Я сделал усилие, чтобы не улыбнуться. У меня и в мыслях не было верить в виновность этих двух плутов.
– В таком случае почему вы подвергаете сомнению мои слова? – ответил я как можно спокойнее. – Я сам дважды давал присягу, первый раз как врач, второй раз как военный. Бог – мой единственный судья.

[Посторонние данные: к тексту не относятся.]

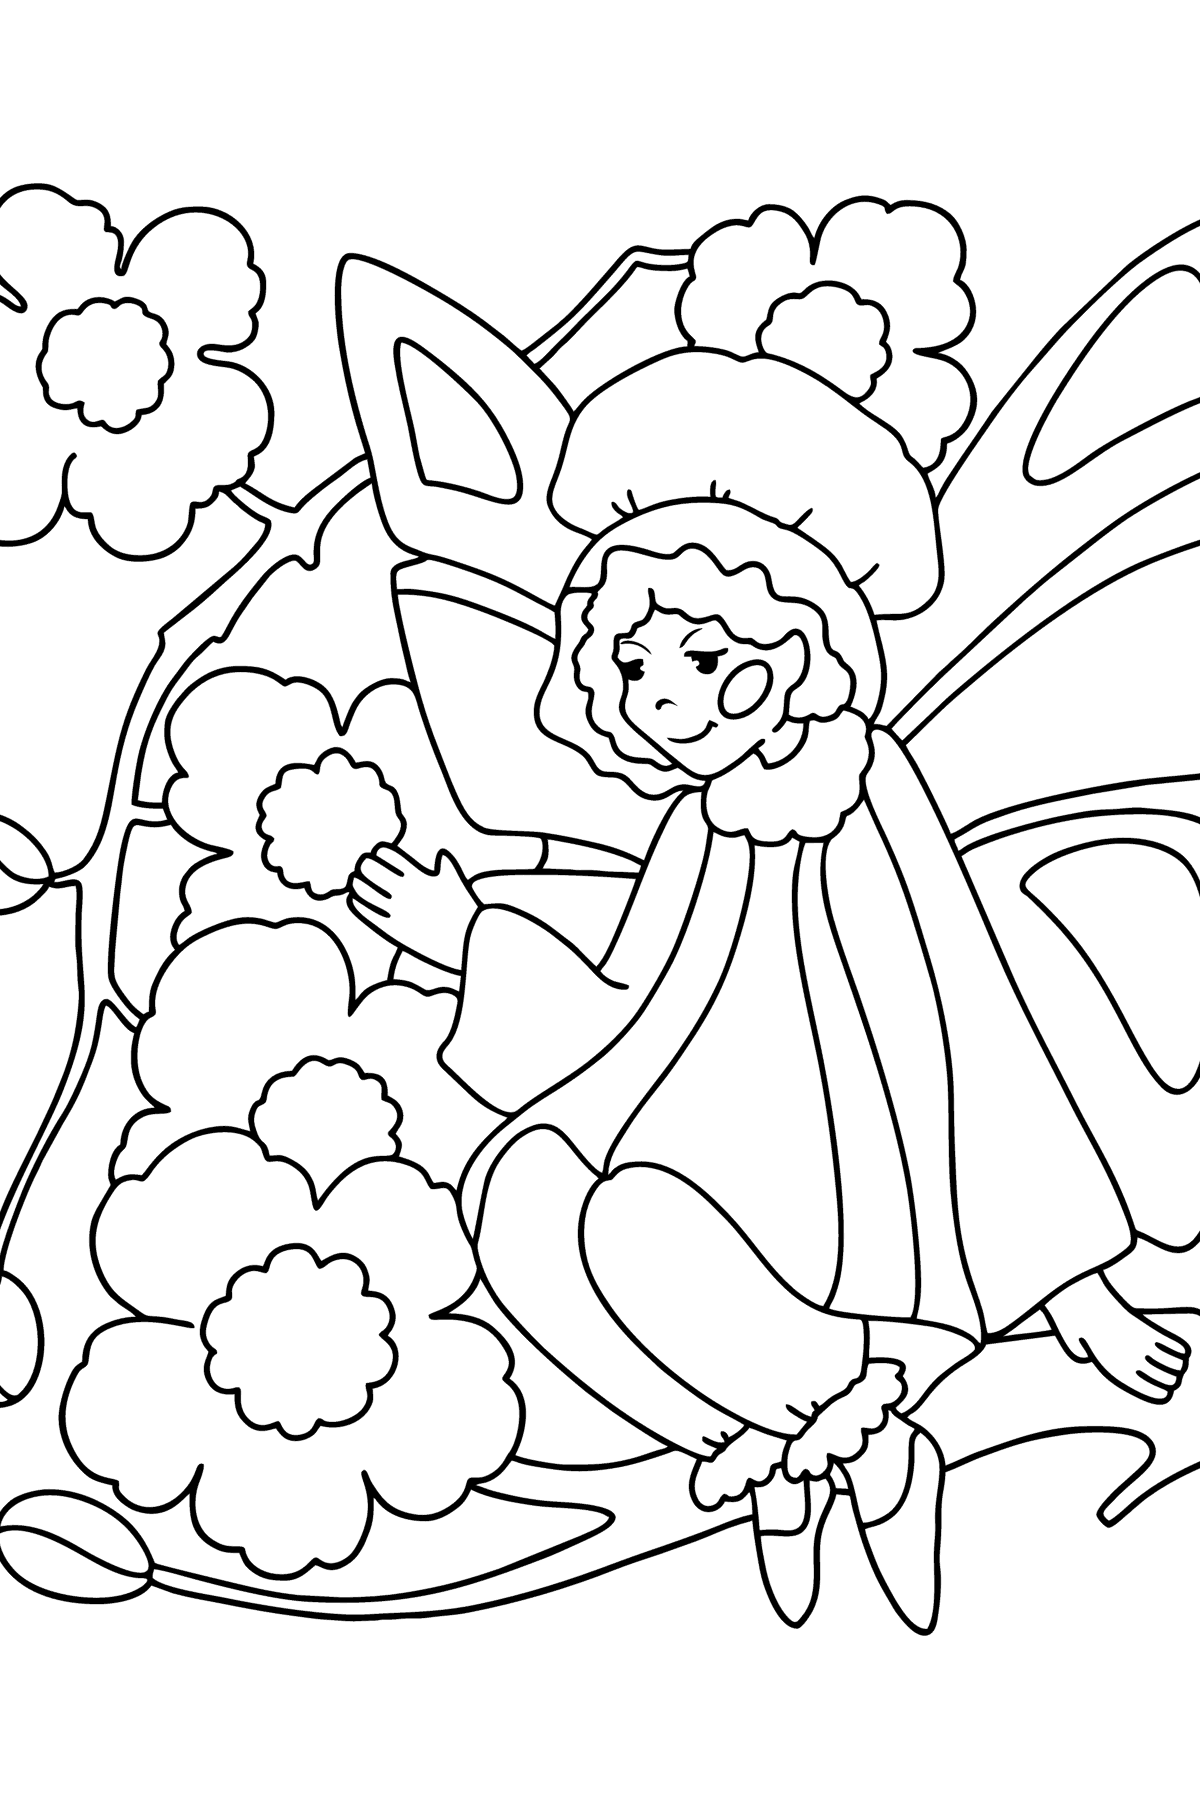 Desenho de Fada em uma flor para colorir - Imagens para Colorir para Crianças
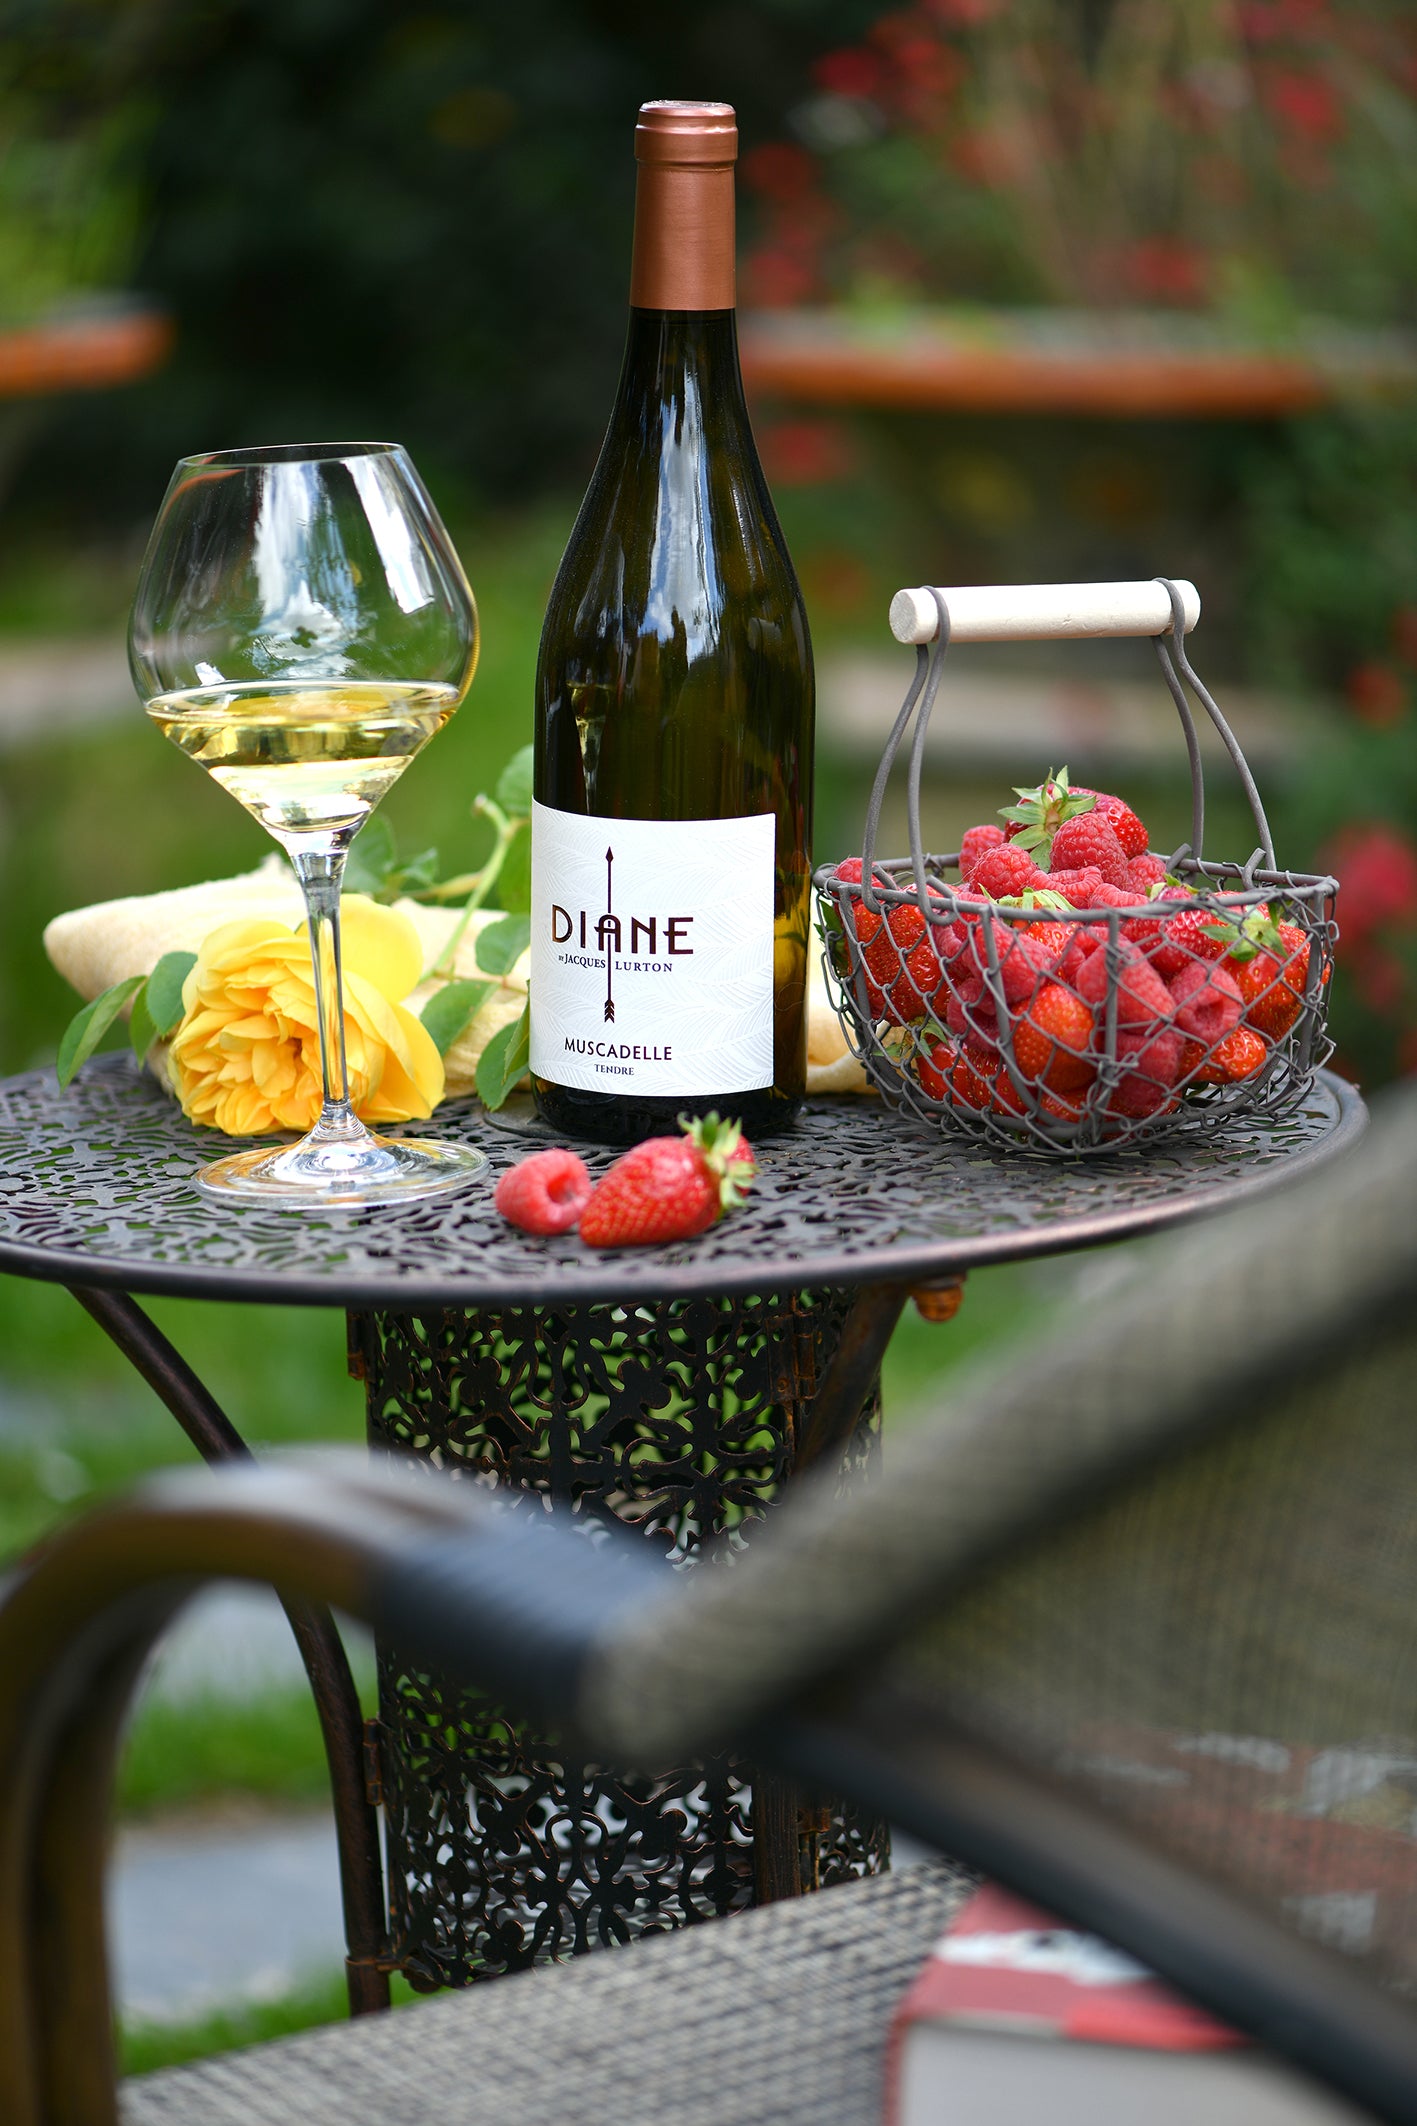 DIANE by Jacques Lurton MUSCADELLE Tendre - Vin de France - 2020 - 1 bouteille x 13,50 €

Наступило молчание, у каждого из нас аргументы подошли к концу.
Дворецкий воспользовался паузой и принес нам горячего чая и кофе. На какое-то время мы оставили наши бесполезные рассуждения. Перерыв пришелся как нельзя кстати.
Напитки разогрели наши тела и освежили мысли. Кофе произвел на меня эффект взорвавшейся бомбы. Мое сердцебиение участилось, зрачки расширились, и перед глазами поплыл розовый туман. Мой ревматизм исчез как по мановению волшебной палочки, и я почувствовал себя в такой прекрасной форме, что мог бы переплыть Ламанш!
У Майкрофта Холмса обнаружился нервный тик, о котором я ничего не знал. Лестрейд нервно посмеивался, на этот раз без видимой причины. Мэтр Олборн вернулся за свой стол неровной походкой, как марионетка, едва спущенная с нитки.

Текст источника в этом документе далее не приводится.